JP2015116448A - Drip nozzle - Google Patents

Abstract

PROBLEM TO BE SOLVED: To provide a drip nozzle capable of controlling a drip of a drug solution with temperature expansion just as intended and, after the use, preventing the drug solution from being jetted out from the tip of the nozzle.SOLUTION: The drip nozzle connected to a drug solution container 11 storing the drug solution, includes a communication hole 10 communicated to the inside of the drug solution container 11; and a passage 7 for supplying the drug solution from the communication hole 10 to an opening part 8 at the tip end. The cross section of the communication hole 10 is 0.04 mmto 0.11 mm, a ratio of a volume to a surface area of the passage 7 is 7.0-10.5, the depth of the opening part 8 is 0.7 mm to 1.2 mm, and the area of the opening part 8 is 2 mmto 5 mm.

Description

  The present invention relates to a dropping nozzle for dropping a certain amount of a chemical solution in dentistry or ophthalmology.

  In general, a small drop nozzle connected to a container for storing a chemical solution and dropping a fixed amount of the chemical solution onto an affected part is used for dentistry or ophthalmology. For example, there is a dripping nozzle that is fitted in the neck of a main body that stores a chemical (for example, see Patent Document 1). This dripping nozzle is provided with a communication hole in a partition wall that closes the bottom of the liquid reservoir chamber at the tip, and a chemical solution supplied from the main body is supplied from the communication hole to the liquid reservoir chamber and dropped from the tip surface.

JP 2009-261453 A

This type of dripping nozzle is not affected by environmental conditions such as air temperature and atmospheric pressure, and it is always necessary to dripping an appropriate amount of chemical solution. Since the conventional dripping nozzle does not take such consideration, it has been difficult to control dripping as intended for a drug solution having a temperature expansion such as dental or ophthalmic use.
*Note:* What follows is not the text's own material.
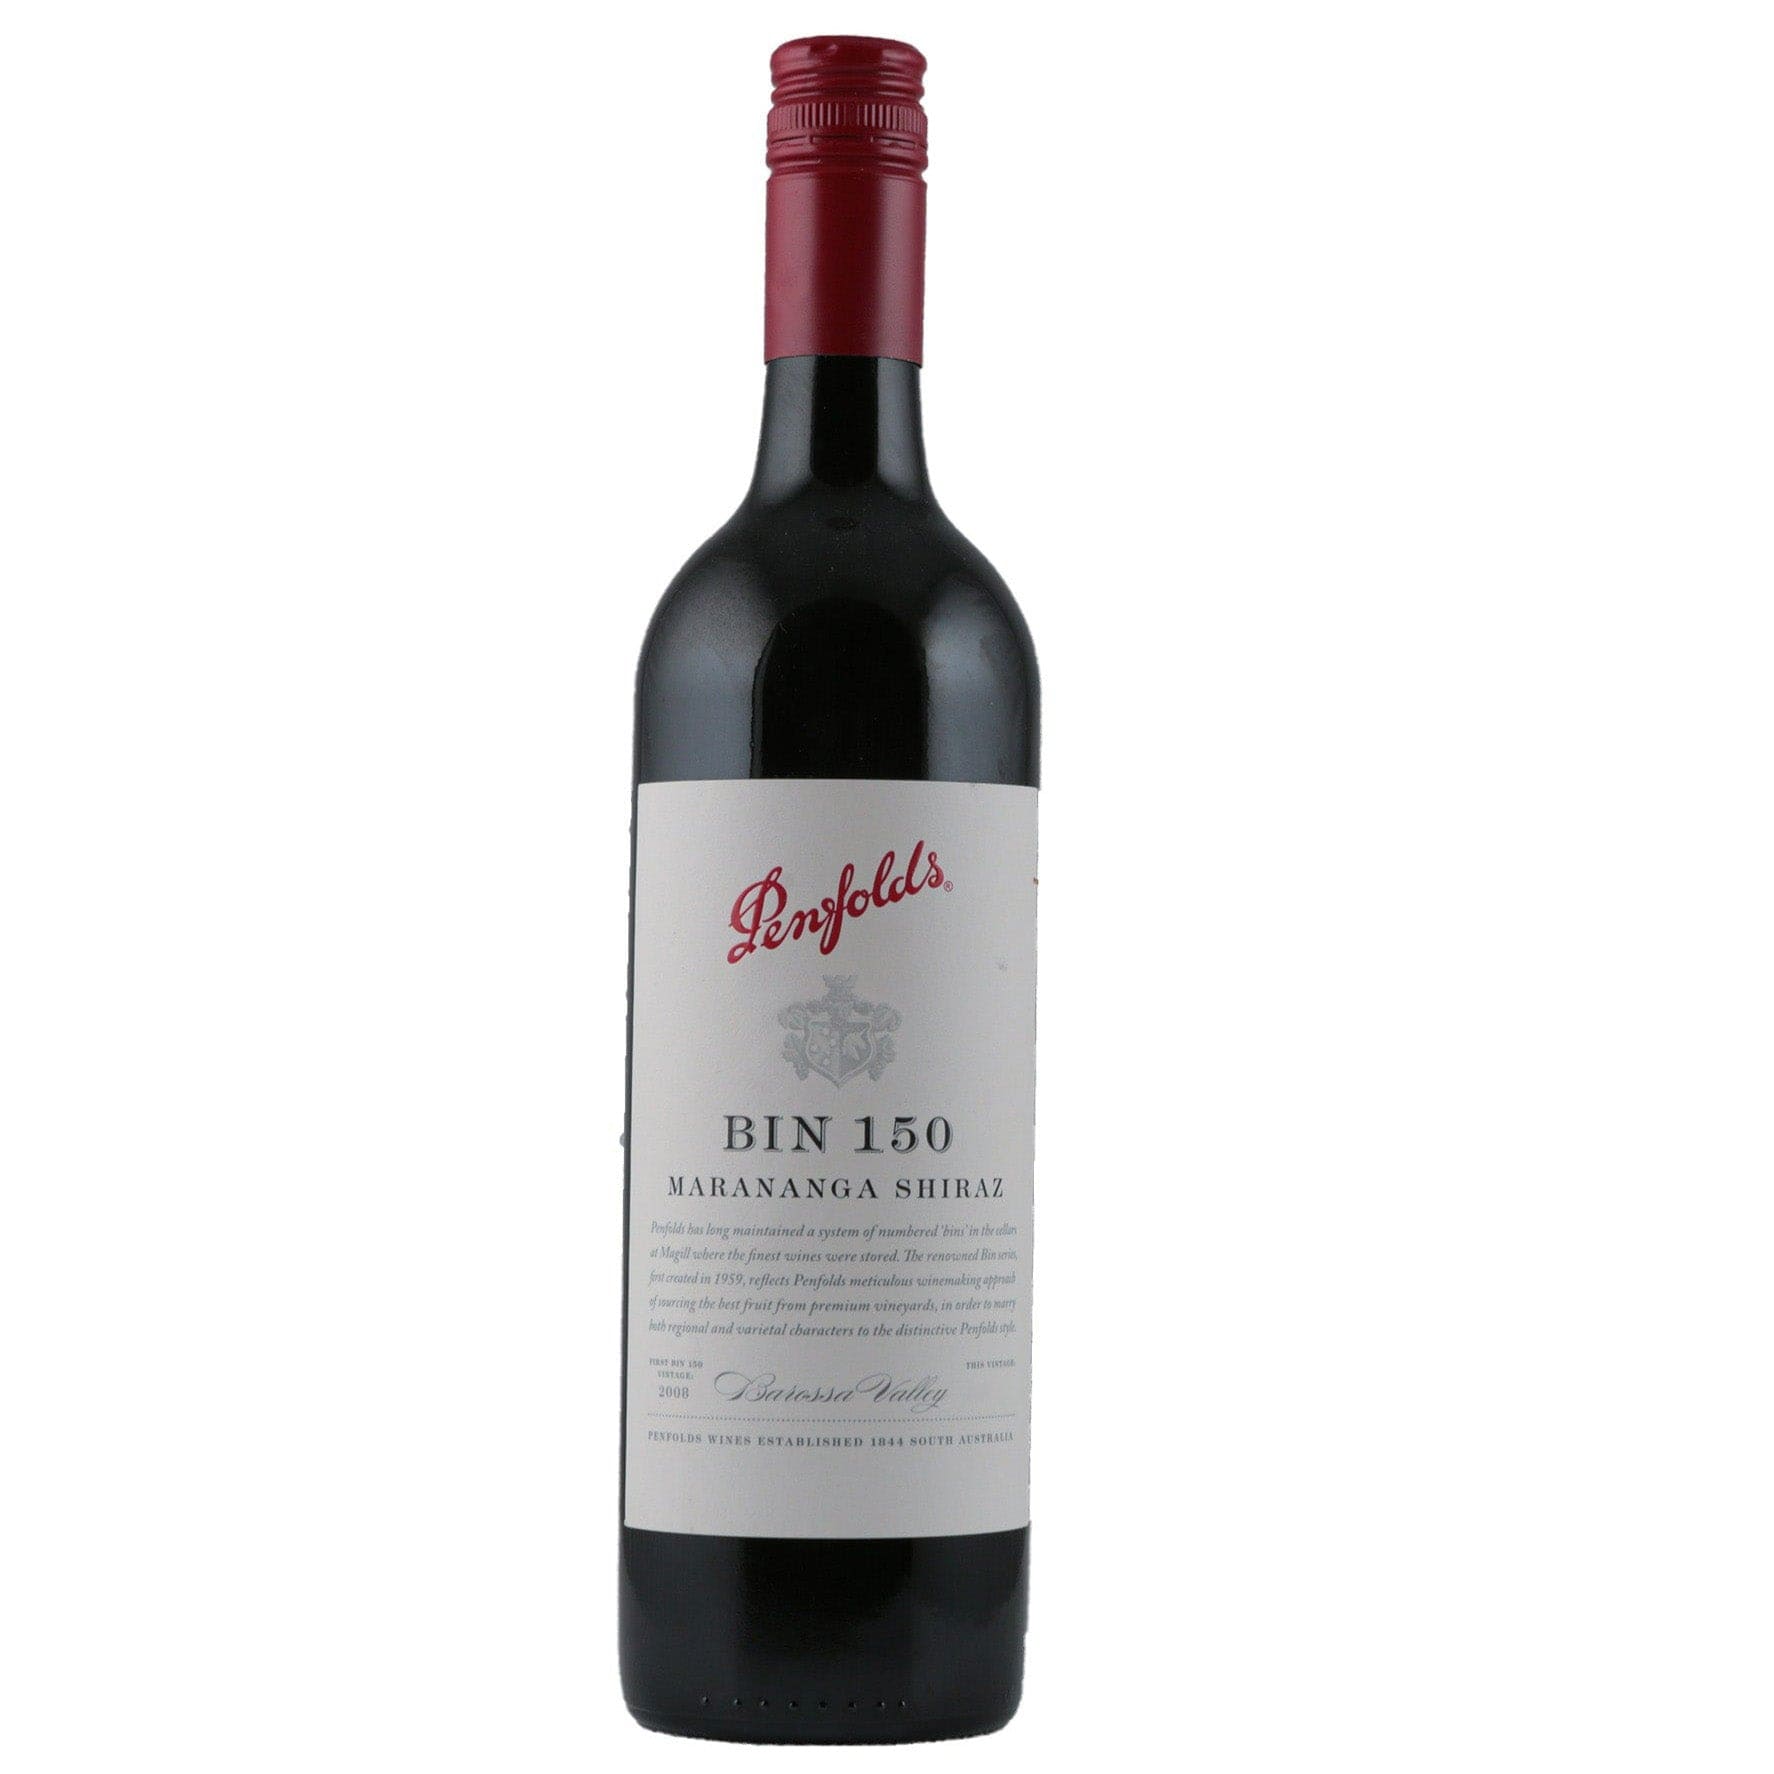 Single bottle of Red wine Penfolds, Bin 150 Marananga Shiraz Barossa Valley, 2010 100% Shiraz
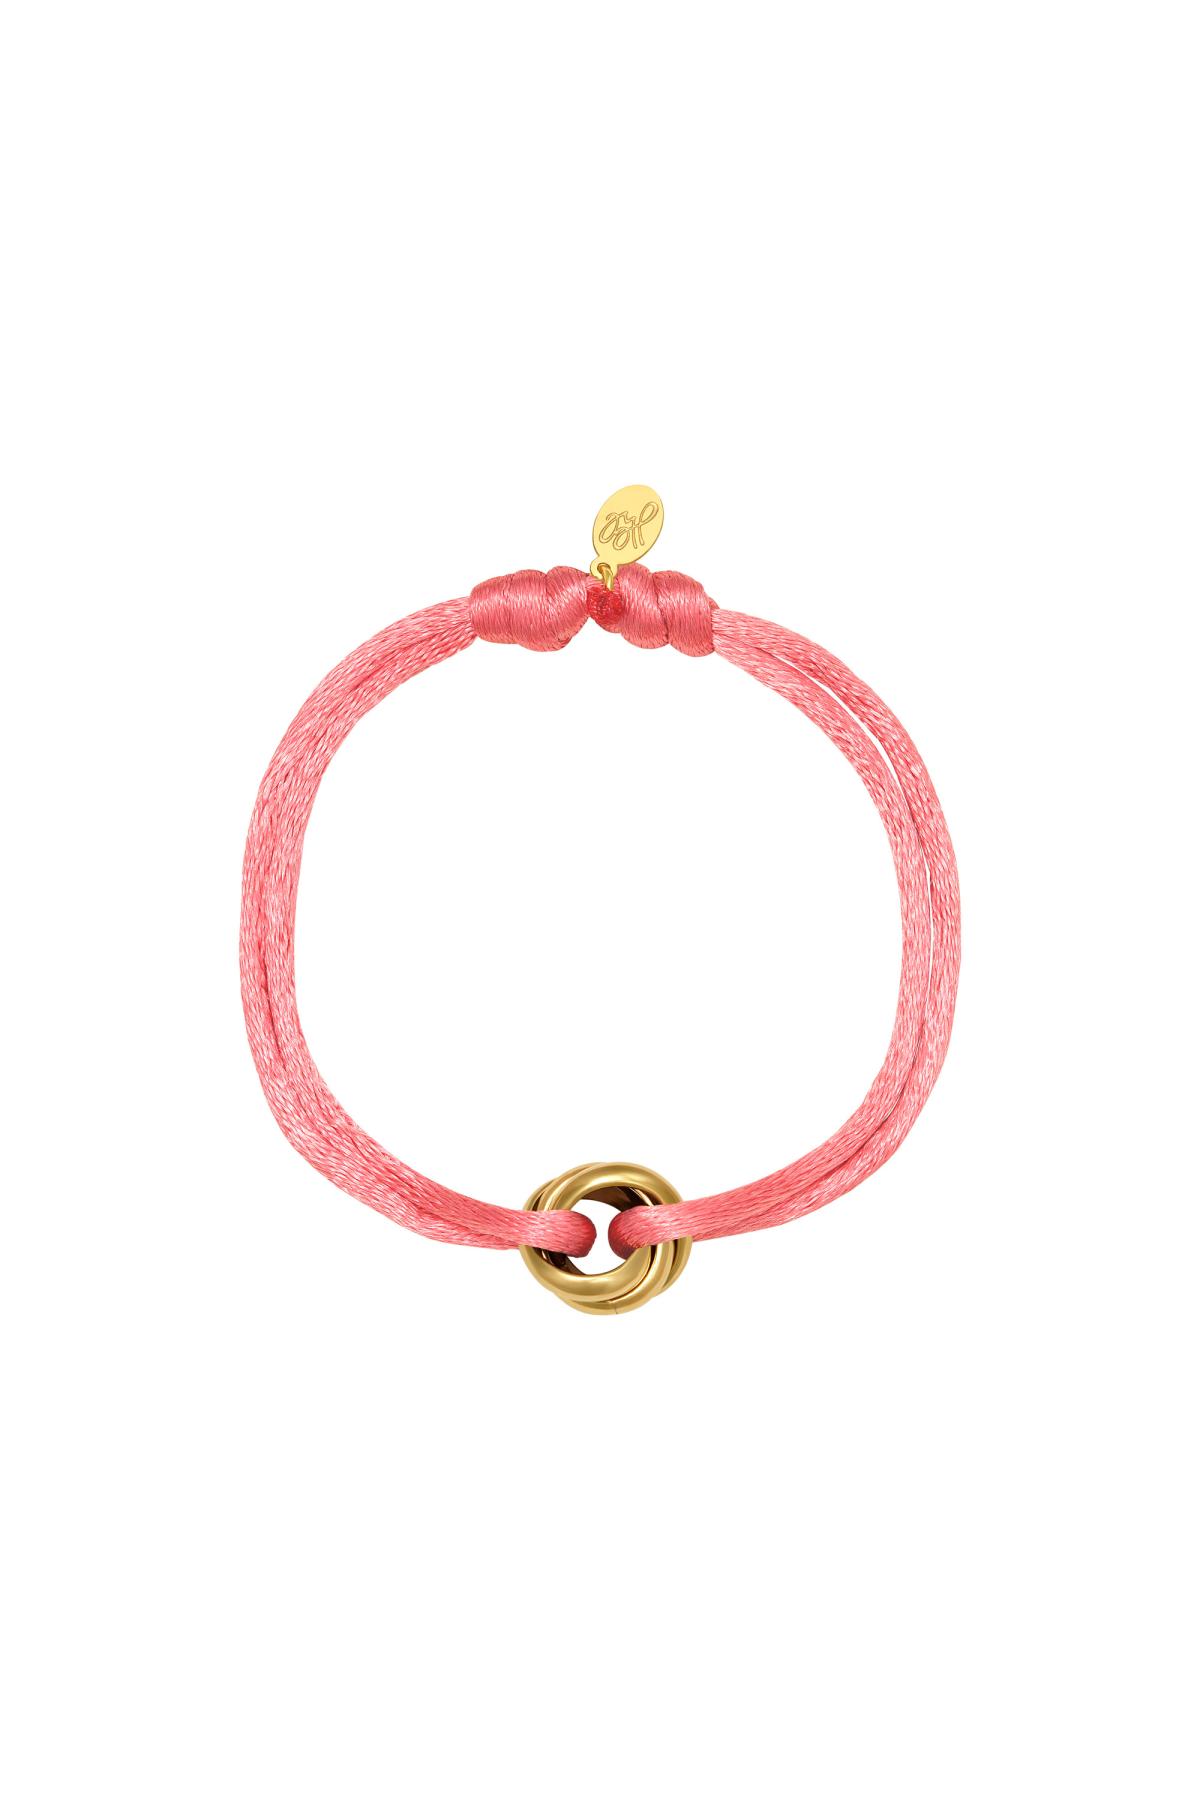 Bracelet Satin Knot Pink & Gold Stainless Steel h5

Furthermore, depending on temperature conditions, there has been a phenomenon in which the chemical liquid is ejected from the tip of the nozzle when the chemical liquid is dropped and then returned to its original state.

An object of the present invention is to provide a dripping nozzle that can perform dripping control of a chemical solution having a temperature expansion as intended and does not eject the chemical solution from the tip of the nozzle after use.

The invention according to claim 1 is a dropping nozzle that is connected to a chemical solution container that contains a chemical solution, and has a communication hole that communicates with the chemical solution container, and a flow channel that supplies the chemical solution from the communication hole to the opening at the tip. The cross-sectional area of the communication hole is 0.04 square millimeters to 0.11 square millimeters, the ratio of the volume to the surface area of the flow path is 7.0 to 10.5, and the depth of the opening is 0.00. 7 mm to 1.2 mm, and the opening has an area of 2 mm 2 to 5 mm 2.

According to the second aspect of the present invention, a partition plate is provided at the center of the flow path to form two rows of flow paths. Note that the partition plates are two rows for convenience in relation to the surface area and volume, and two or more rows of flow paths may be formed. The relationship between the surface area and the volume may be controlled by providing irregularities in the flow path or roughening the surface of the flow path.

The dripping nozzle of the present invention can control dripping of a chemical liquid having a temperature expansion as intended, and can prevent the chemical liquid from being ejected from the tip of the nozzle after use.

It is a vertical side view of 1st Embodiment of this invention. FIG. 2 is a plan view of FIG. It is a vertical side view of 2nd Embodiment of this invention. FIG. 4 is a plan view of FIG. 3. It is a table | surface which shows the relationship between the cross-sectional area of a communicating hole, and the presence or absence of ejection. It is a table | surface which shows the relationship between a change of a channel surface area and a channel volume, and dripping control. It is a table | surface which shows the relationship between the depth of an opening part, a change of a cross-sectional area, and a chemical | medical solution ejection. It is a vertical side view which shows the dimension of the dripping nozzle of 1st Embodiment.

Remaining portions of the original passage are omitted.